Hazan yarı uyur yarı uyanık vaziyette geçirdiği iki günün ardından üçüncü günün sabahına gözlerini açmıştı. O iki gün içinde ne olmuştu bilmiyordu. Ne yaşanmıştı bilmiyordu. Yanında yemyeşil gözleriyle ona bakan eşi vardı ya gerisi önemli değildi zaten. Sevmiş, varlığına emin olmuş, gülüşünden öpmüş, özlemini bir nebze olsun gidermişti. Yağız dudaklarını ondan ayırdığında ise kollarının arasına çekip sarıp sarmalamıştı onu. Yıllar sonra onun tarafından sarmalanmak ruhunun canlanmasını sağlamıştı.

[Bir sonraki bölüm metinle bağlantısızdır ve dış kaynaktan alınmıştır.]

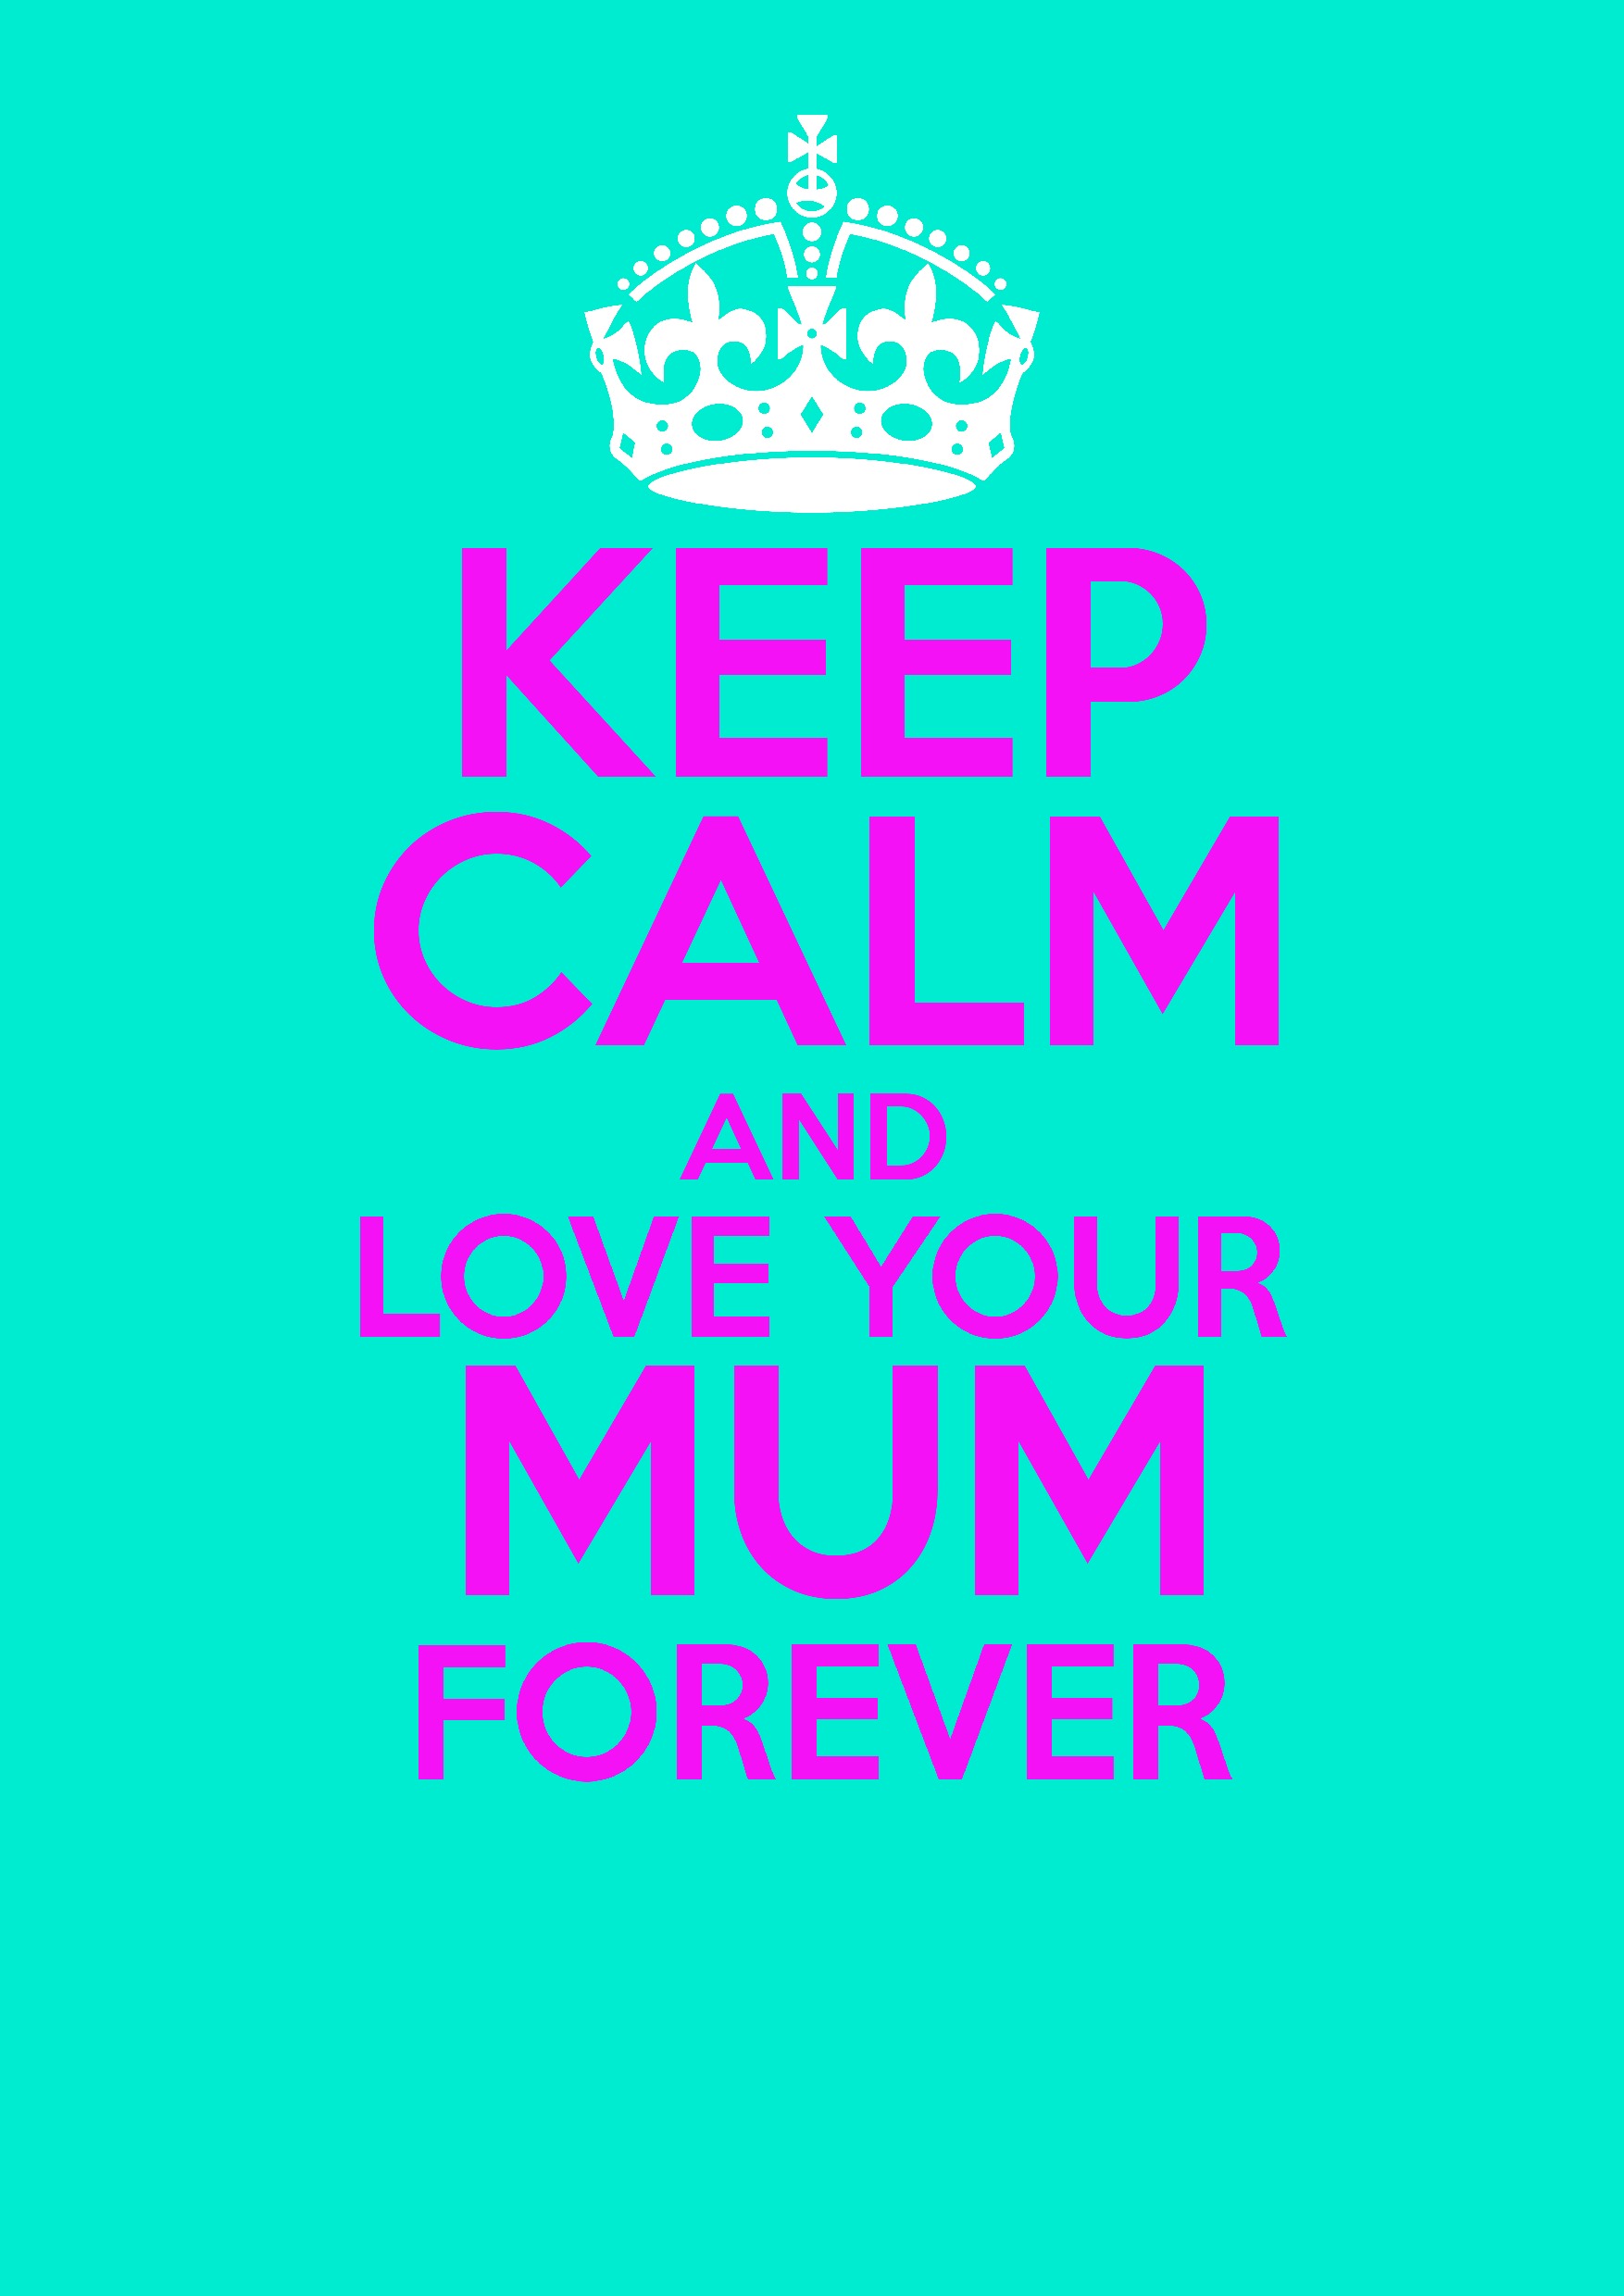 keep calm backgrounds for girls

"Sen uyurken konuştuk her şeyi..." dedi genç adam ona. "Neler olduğunu, Barlas'ın seni nasıl ne zaman bulduğunu... her şeyi." Hazan ona bakmak için geriye çekildi. İkisinin yüzleri yeniden aynı hizaya geldiğinde Hazan'ın gözlerinde anlık beliren korkuya kaşlarını çattı. "Ne oldu Güz Çiçeğim?"

Ellerini aralarındaki boşluğa kaldırıp narince parmaklarından kelimeleri birer birer dökmeye başladı Hazan. "Çiçek bizim kızımız..." dedi ilk. "Aklında bir şüphe varsa şayet yok etmeliyim." Yağız ellerini tutup öptü.

"Şüphem yok... hiç olmadı. Onunla ilk karşılaştığımda bile senin gibi hemen kalbime dokundu. Bana baba dedi hatta." Hazan ağlarken gülümsedi bir anda bunu duyunca. "Sen ismimi söyledin o da bana baba dedi. Bu o kadar güzel bir his ki... Ah Hazan... Aklına sakın yanlış düşünceler getirme. Bize bunu yaşatanlar... bizi böyle ayrı bırakanlar... yaptıkları yanına kalmayacak."

"Kim olduklarını biliyor musun?" Gözyaşlarını silen adama baktı ıslak gözlerini kırparak. Annesi olduğunu biliyor muydu? Yağız avuçlarının arasındaki yüze kendinden bile sakınır gibi korkarak bakarken başını salladı. Şimdi gözyaşlarını silme sırası Hazan'a geçmişti, eşinin yüzünü o avuçlarının arasına aldı bu kez.

"Bana mezarını gösterdiler Hazan... bak bu ona ait dediler. Öyle yandı ki canım, öyle acıdı ki... inanmadım. Düşüncesi bile bu kadar yakarken beni inanmadım. Sonra sen geldin aklıma... nerede diye sordum... ne halde dedim hep." Boğazına kilitlenen düğüm sesini kıstı o an. "O pislik sana da zarar verdi diye çok korktum... dahası ümitsizliğe kapılıp kendine zarar verirsin diye korktum... Çok şükür buradasın." Dudağına kısa kısa öpücük bırakıp geriye çekildi genç adam. Hazan bu kez ellerini çekip konuşmak için parmaklarını harekete geçirdi.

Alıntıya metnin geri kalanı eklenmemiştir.